■ AVAILABLE DATA:
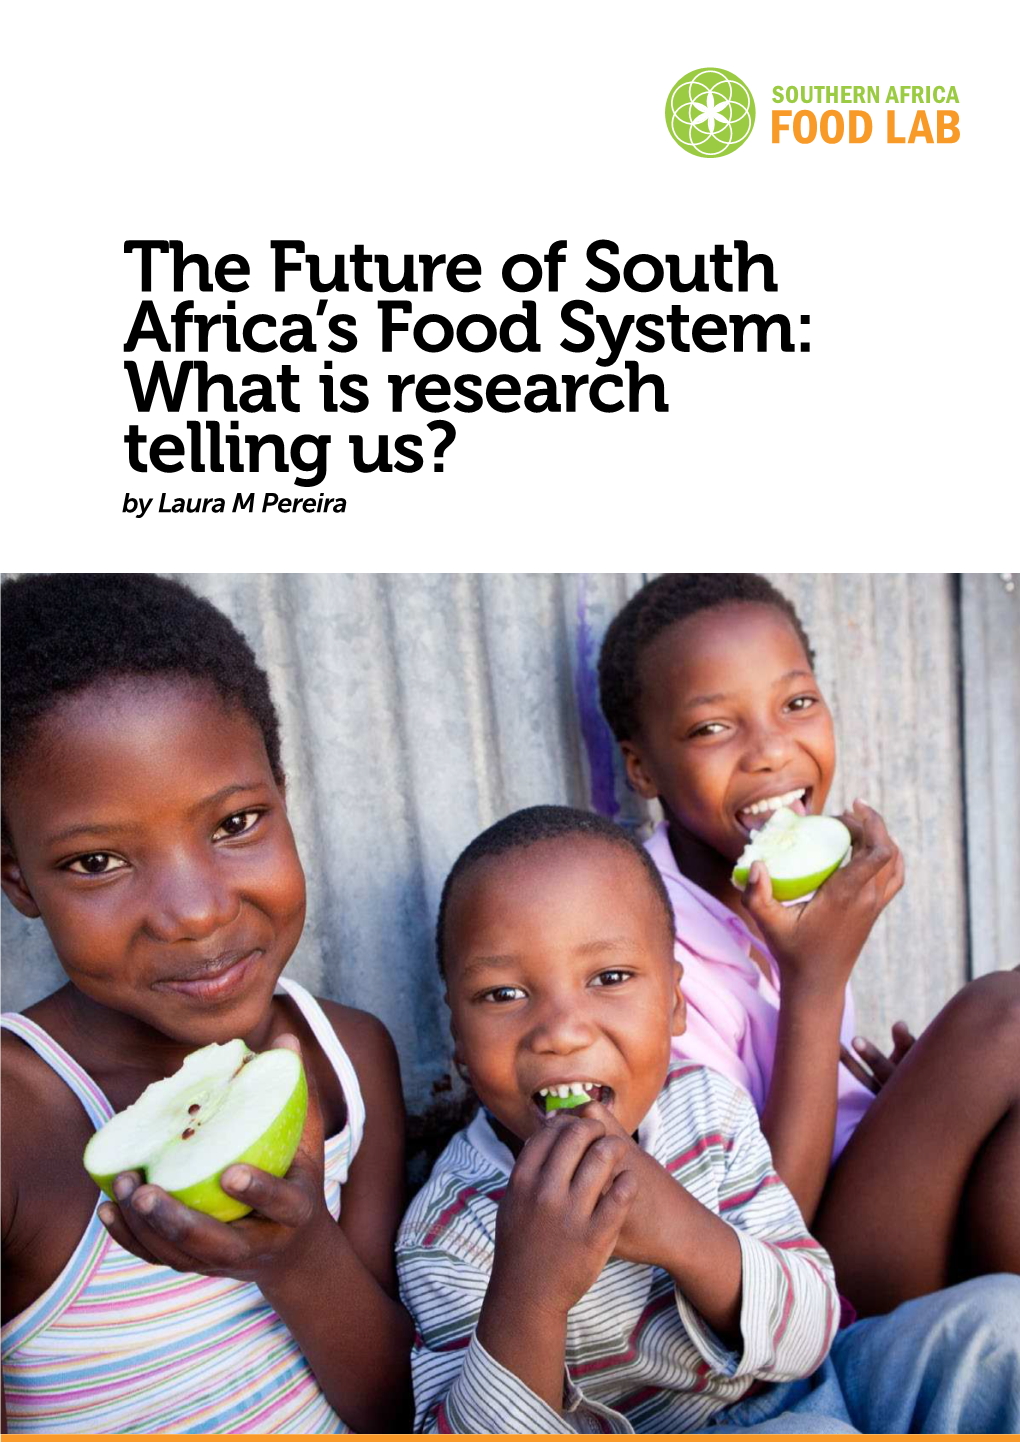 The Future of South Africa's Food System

* * *

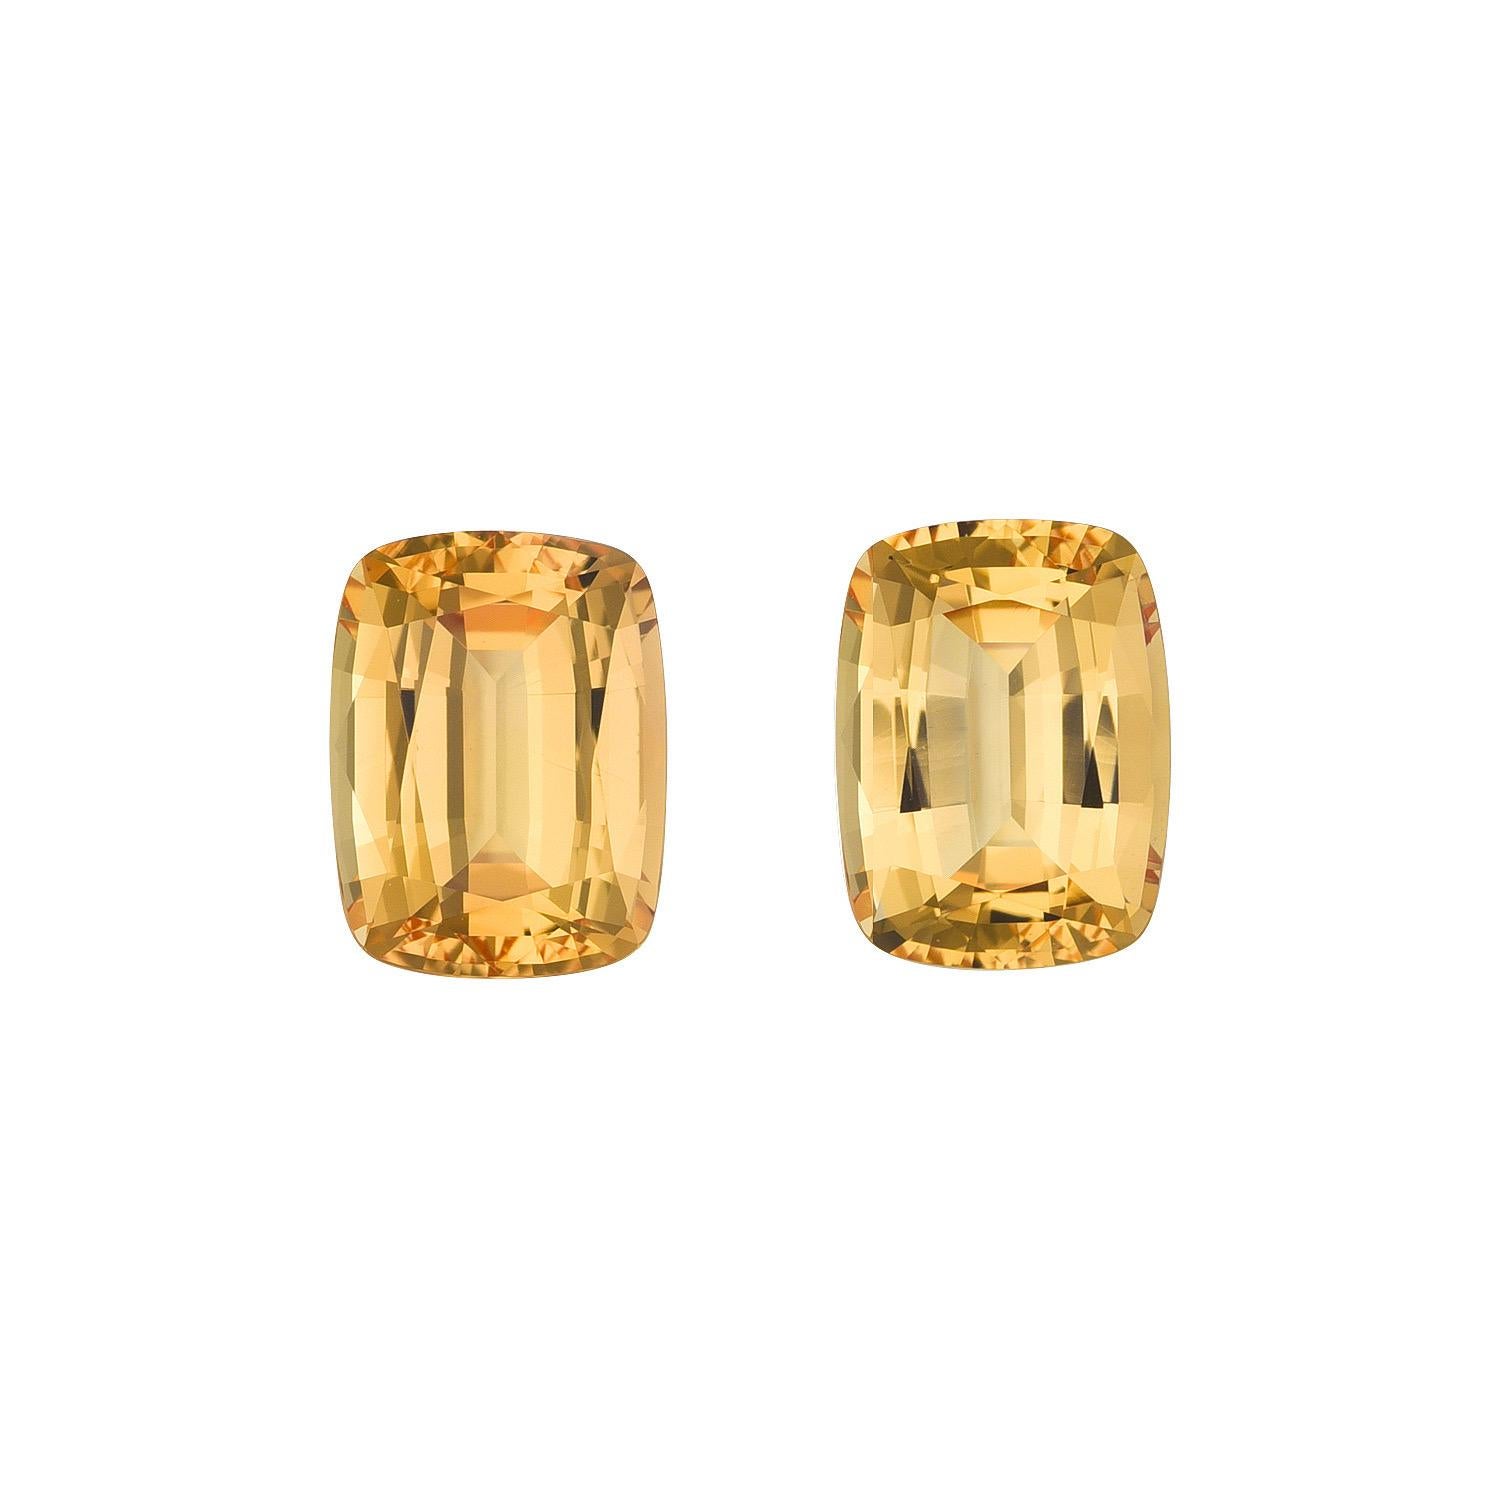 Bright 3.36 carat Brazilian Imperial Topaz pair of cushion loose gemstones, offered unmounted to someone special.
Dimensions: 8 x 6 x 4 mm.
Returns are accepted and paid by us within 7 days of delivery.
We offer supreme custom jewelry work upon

■ ABOUT THIS EXERCISE: Using the listing above, copy exactly the line that contains "Returns are accepted", the line that contains "We offer supreme custom jewelry work upon", and each line that falls between them.

■ WRITTEN REPLY:
Returns are accepted and paid by us within 7 days of delivery.
We offer supreme custom jewelry work upon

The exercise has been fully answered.